On Monday Feb. 8, 2021, average mortgage rates moved up for some loans and down for others. There are still excellent opportunities for home buyers to secure a loan at a great rate. Here's what you need to know about how rates trended today.

Mortgage Type Today's Interest Rate
30-year fixed mortgage 2.826%
20-year fixed mortgage 2.612%
15-year fixed mortgage 2.214%
5/1 ARM 3.218%

Data source: The Ascent's national mortgage interest rate tracking.

30-year mortgage rates

The average 30-year mortgage rate today is 2.826%, up 0.003% from Friday's average of 2.823%. A mortgage loan at today's average interest rate would come with a monthly payment of $412 per $100,000 borrowed. This doesn't include property taxes or insurance. During your entire loan repayment period, you'd pay total interest costs of $48,420 per $100,000 borrowed.

20-year mortgage rates

The average 20-year mortgage rate today is 2.612%, up 0.038% from Friday's average of 2.574%. If you borrow at today's average rate, you'd have a monthly principal and interest payment of $535 per $100,000 borrowed. You'd be looking at total interest costs of $28,490 per $100,000 in mortgage debt over the life of the loan.

Although you save substantially on interest compared with a 30-year loan, your monthly payments are much higher. It's important to carefully consider this tradeoff before you decide that a 20-year fixed-rate loan is the right choice.

15-year mortgage rates

The average 15-year mortgage rate today is 2.214%, down 0.002% from Friday's average of 2.216%. You'd be looking at a principal and interest payment of $653 per $100,000 borrowed at today's average rate. The total costs of interest would add up to $17,614 per $100,000 borrowed.

A 15-year loan saves you money on total interest costs compared with both a 30-year and 20-year loan. But you will pay much more per month than with either of these other loans due to the very short payoff timeline. Be sure you're prepared for higher payments if you choose a 15-year loan.

5/1 ARMs

The average 5/1 ARM rate is 3.218%, down 0.093% from Friday's average of 3.311%. ARM stands for adjustable-rate mortgage. Since rates are near record lows right now, you can expect that your rate will probably adjust upward. Since you'll already have to pay a higher starting rate than on the 30-year loan, there's no reason to get an ARM right now.

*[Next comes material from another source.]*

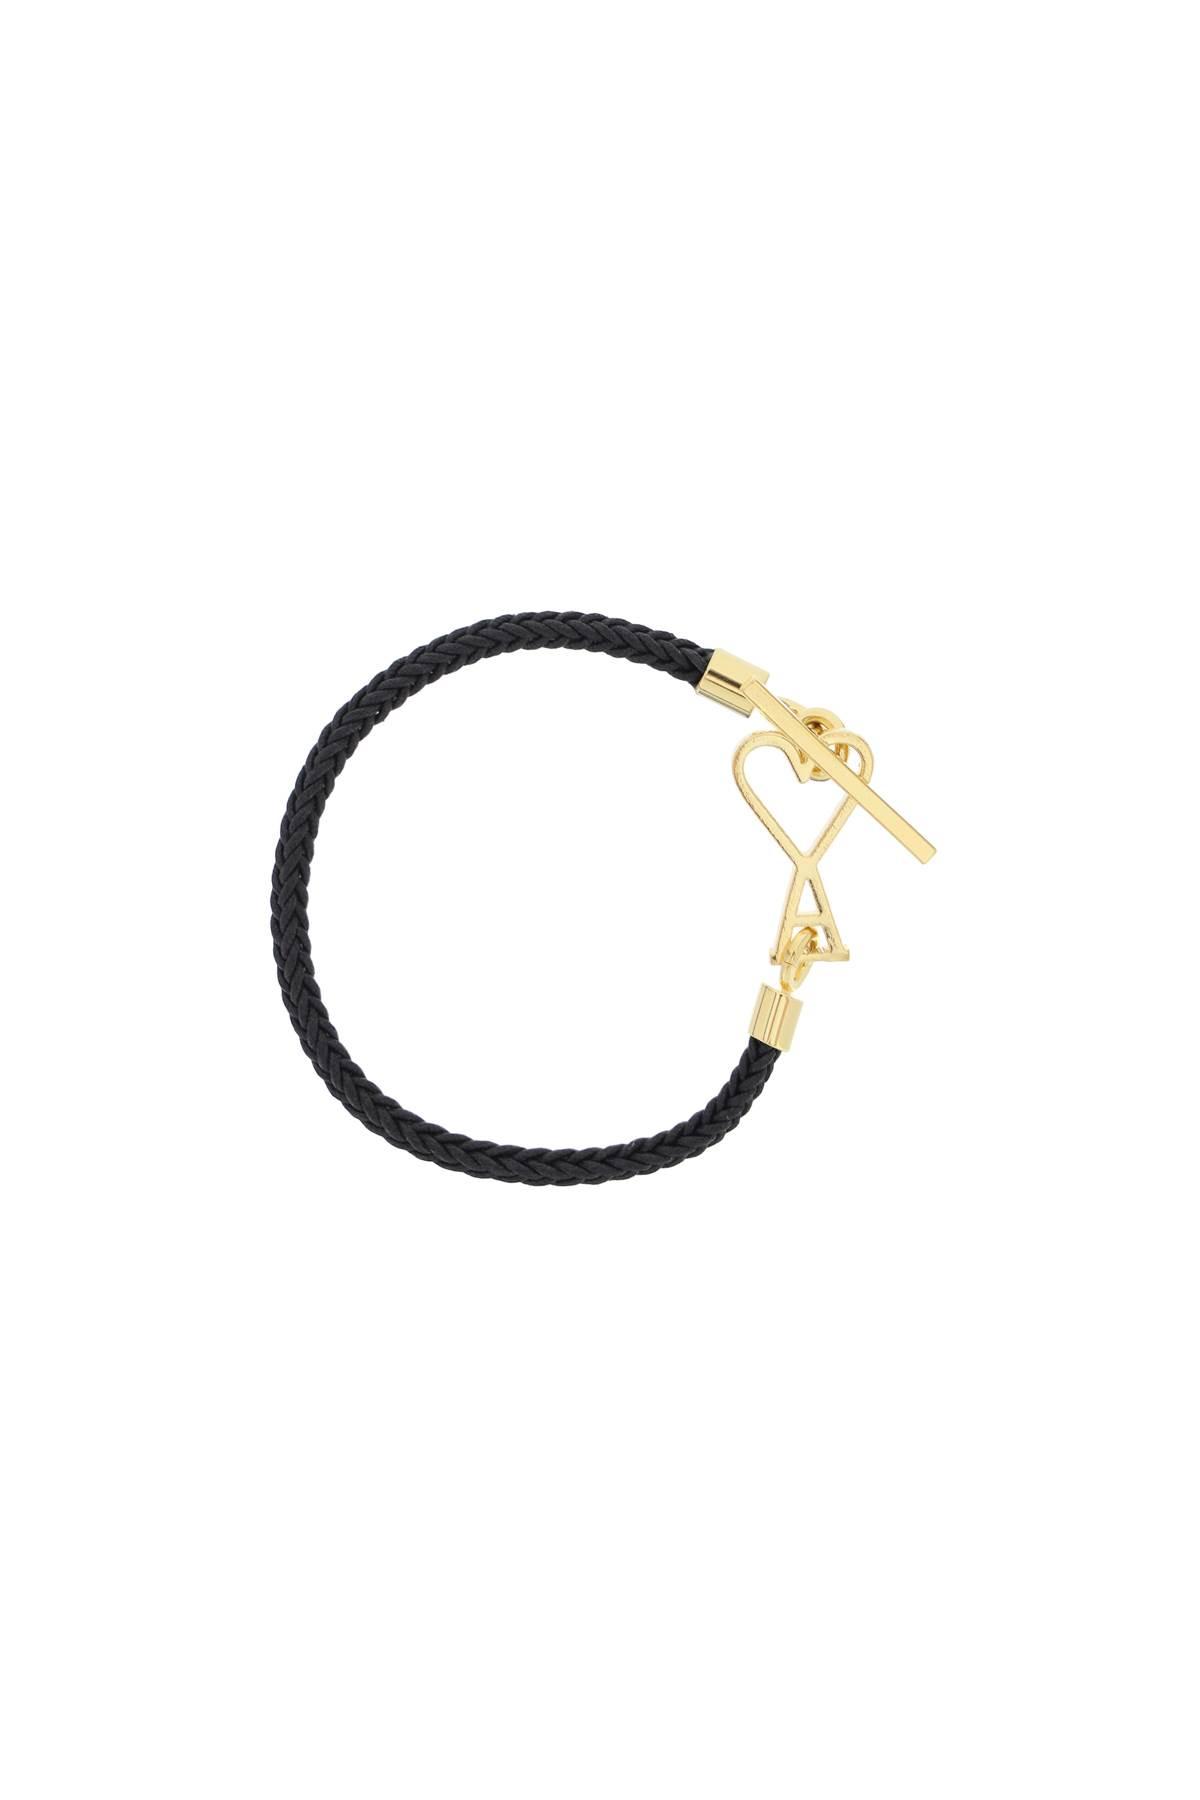 AMI ALEXANDRE MATTIUSSI AMI ALEXANDRE MATTIUSSI Rope bracelet with cord

Should I lock my mortgage rate now?

A mortgage rate lock guarantees you a certain interest rate for a specified period of time -- usually 30 days, but you may be able to secure your rate for up to 60 days. You'll generally pay a fee to lock in your mortgage rate, but that way, you're protected in case rates climb between now and when you actually close on your mortgage.

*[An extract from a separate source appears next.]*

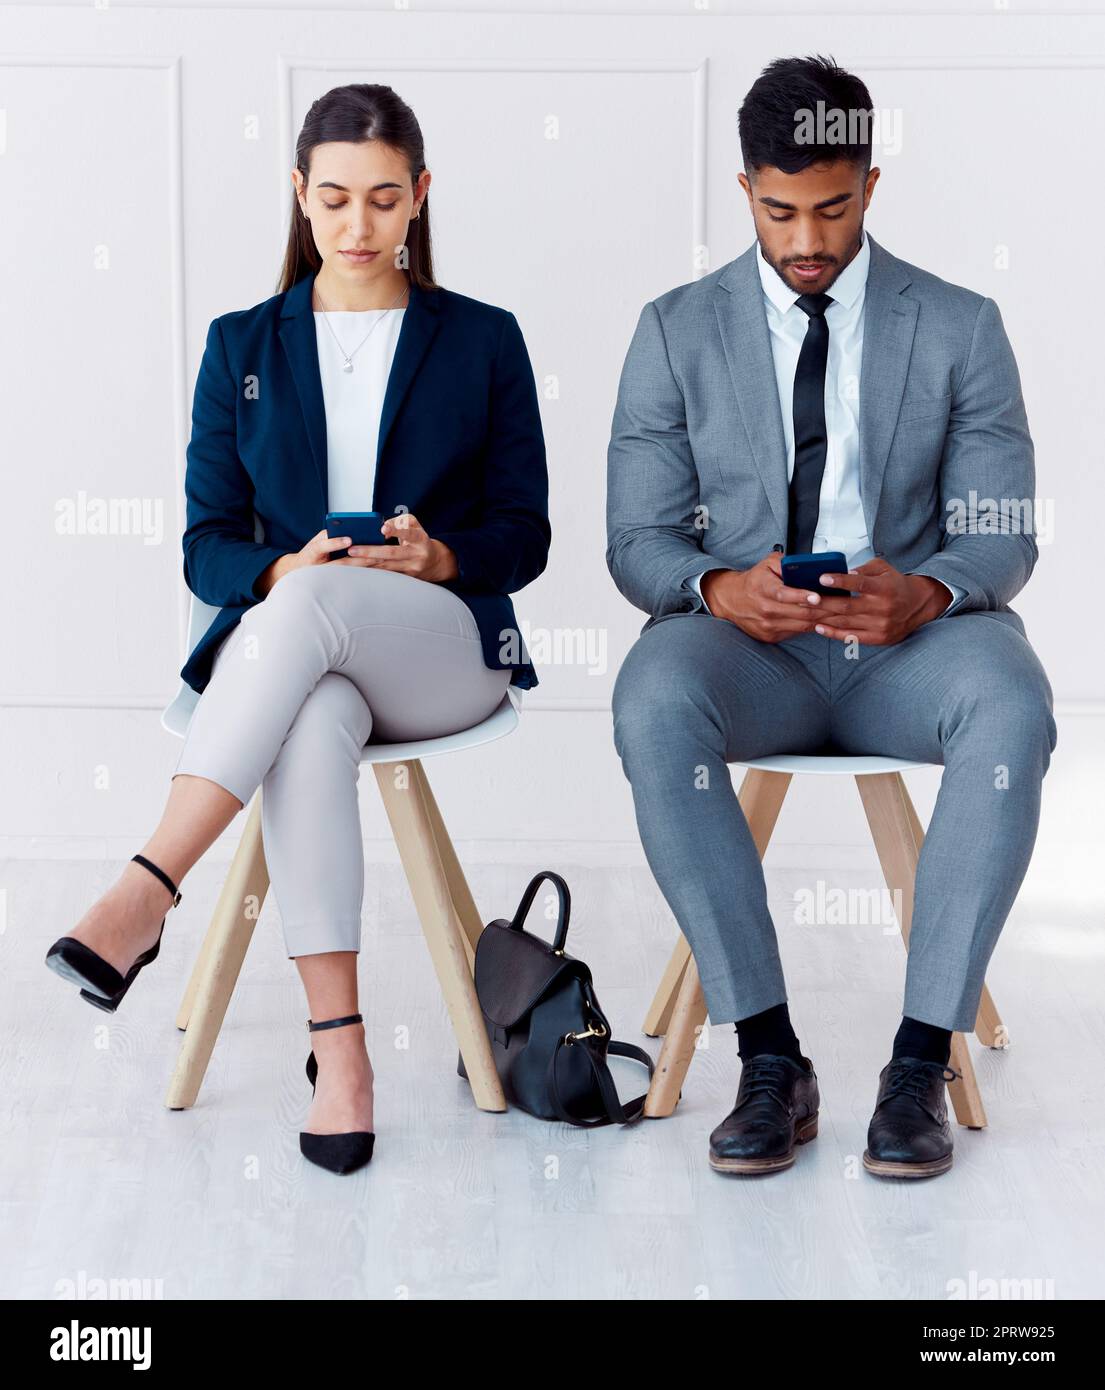 Hiring, interview and phone of businessman and woman with diversity in a office waiting room. Corporate potential workers wait for a company human resources meeting with technology and 5g internet Stock Photo

If you plan to close on your home within the next 30 days, then it pays to lock in your mortgage rate based on today's rates -- especially since they're so competitive. But if your closing is more than 30 days away, you may want to choose a floating rate lock instead for what will usually be a higher fee, but one that could save you money in the long run. A floating rate lock lets you secure a lower rate on your mortgage if rates fall prior to your closing, and while today's rates are still quite low, we don't know if rates will go up or down over the next few months. As such, it pays to:

  • LOCK if closing in 7 days
  • LOCK if closing in 15 days
  • LOCK if closing in 30 days
  • FLOAT if closing in 45 days
  • FLOAT if closing in 60 days

To find out what rates are available to you, compare rates from at least three of the best mortgage lenders before locking in.